We are told by the experts that this legislative farrago may well not surmount the parliamentary obstacles which stand in its way. I devoutly pray that they are right.

  • teigitur

    I totally agree. Less is more when it comes to politicians.

  • John Jackson

    I come from a land where both houses are elected.   Those who think this is answer to all ills, should live there for a bit and thank God for the chamber they have and leave it alone.

  • paulpriest

    The Lords should be an executive unelected chamber of the informed, the experienced and the independently representative – accoutable to Her Majesty & the sworn Oath as a member of Her Parliament with duties and responsibilities to honour, defend and speak out for Her Majesty’s subjects while not being compromised/jeopardised by the whim of the electorate.

    This is why the very notion of elected police chiefs or judges is not merely insane – it’s contra-Catholic social teaching inherent within the works of St Robert Bellarmine where a public servant is a servant – upholding and defending both the common & uncommon good – not a puppet.whose directives are arbitrated by zeitgeist & perennial self-interest of the powerbrokers.

    Retain our grandees from all spheres whom are in all pockets and none and we will retain an incomparable safeguard for the nation. Tamper with it and all hell may be unleashed.

  • JByrne24

    I broadly agree with W Oddie’s sentiments.

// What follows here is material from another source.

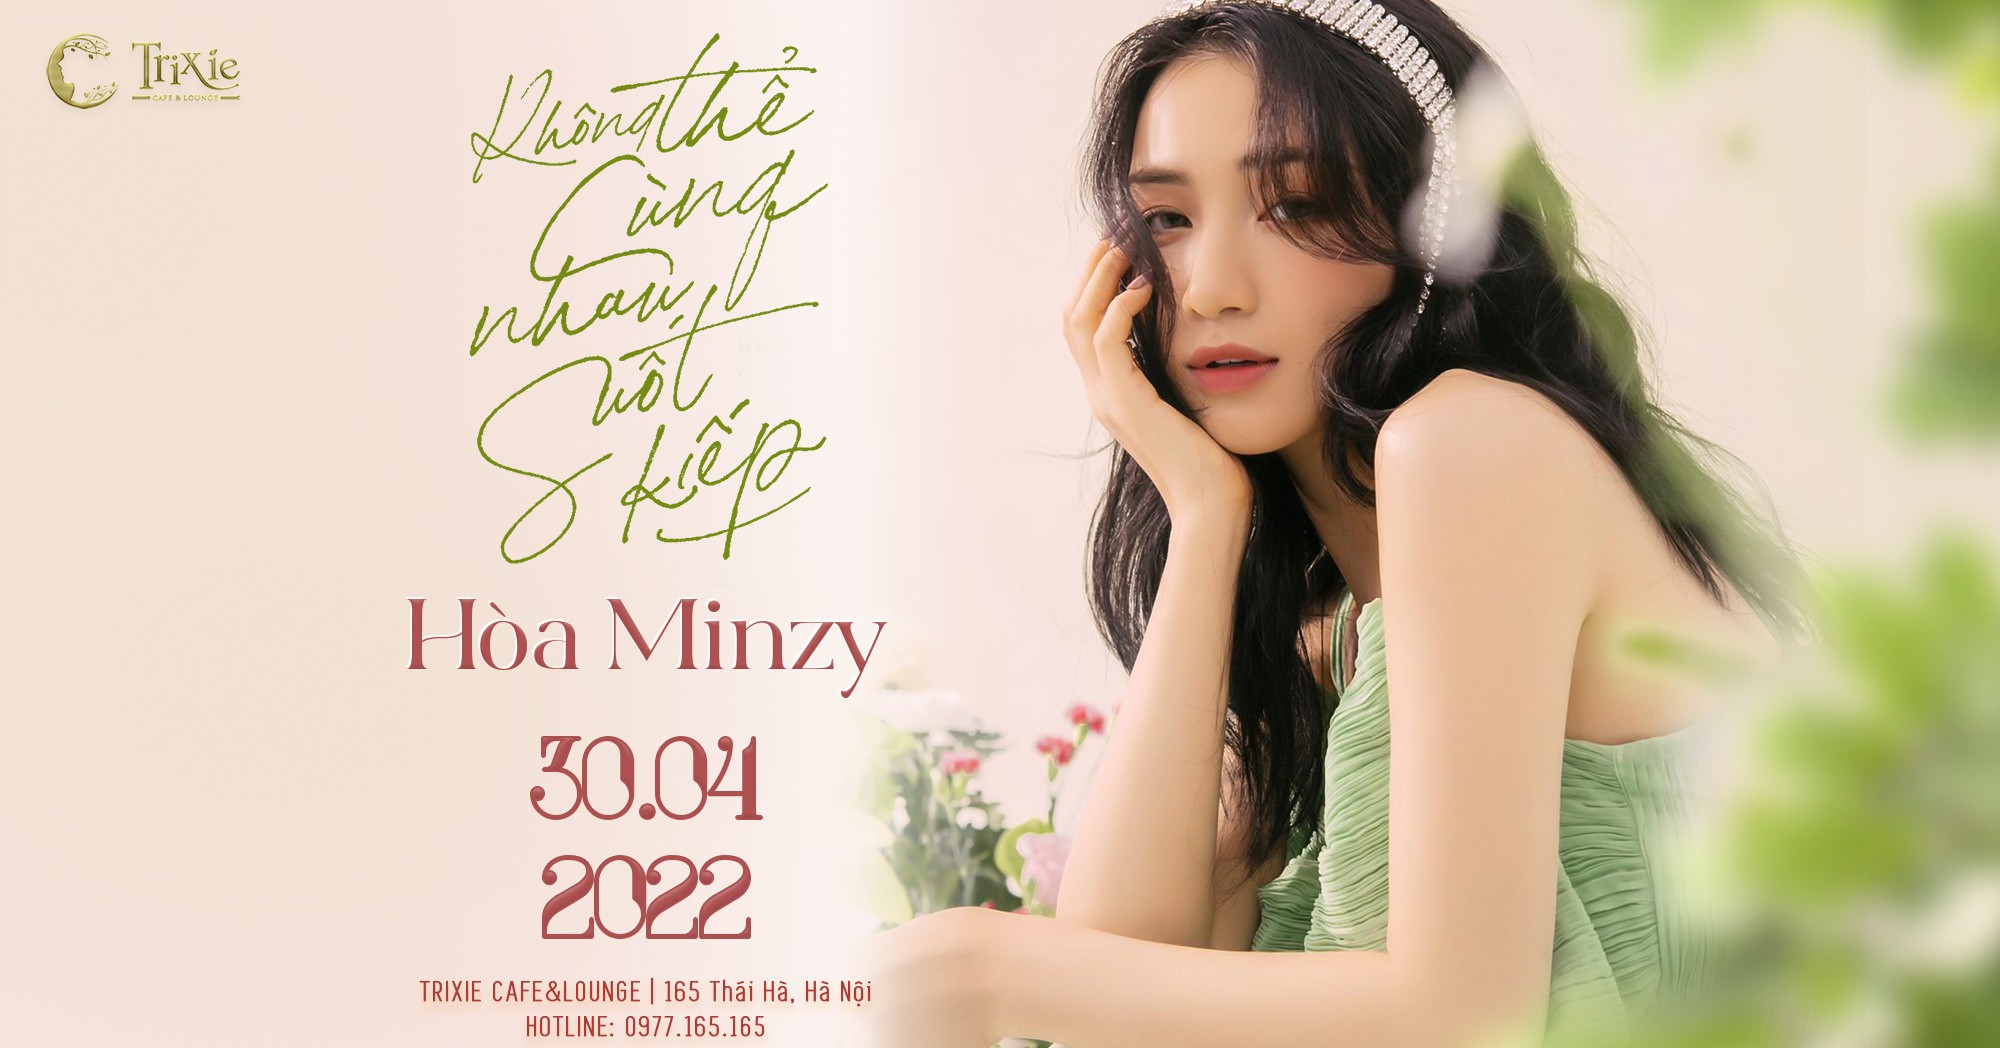 Minishow Hòa Minzy - Không thể cùng nhau suốt kiếp - Ngày 30.04.2022 
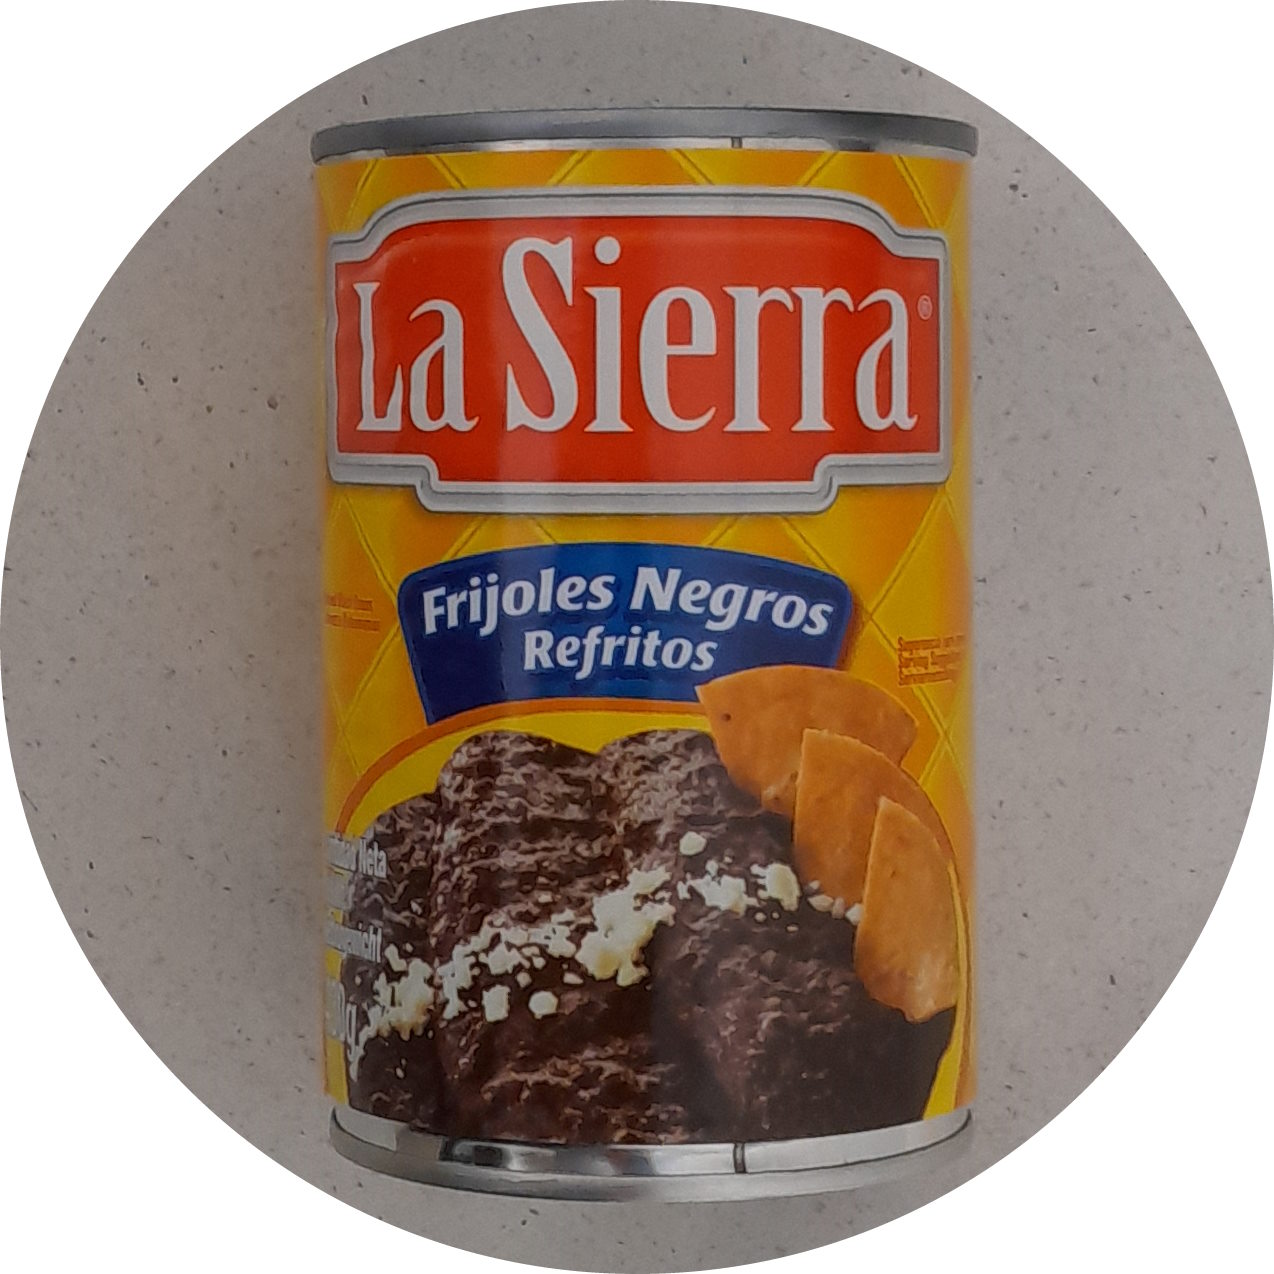 La Sierra Frijoles Negros Refritos 430g

    I remember the stand of by the Earl of Burford in 1999:  “Hundreds of peers gasped when the Earl of Burford, a direct descendant of one of Charles II’s ‘bastard sons’, crawled under a bar in front of the throne to stage his protest brandishing a copy of the government’s bill which will remove all but 92 hereditary peers from the Lords.” (Telegraph Report of 1999, above)
     
    I have a lot of sympathy for “the great-great – etc grandson of the royal bastard”.  
    The Life-Peers are little more than former political hacks and loyal servants of the main parties (both in the Commons and Local Government). They are being rewarded for following the party-line and ignoring the wishes of those who elected them (that’s the definition of “loyalty”). They are also in the Upper House to follow the party line – they are of the “party mindset”.They are also a collection of very bossy people (especially, perhaps, the ghastly women – sorry, but an ex-girlfriend is one of this lot, and she was bossy at a tender age) – as you would expect from their “upbringing”. As for “elected” Peers:  well they will only be “elected” within the very thinnest and almost “meaningless meaning” of this adjectival-verb/gerundive. Those put up for election will be: ……..??……..well the above bossy, ghastly hacks, of course  –  who else!! 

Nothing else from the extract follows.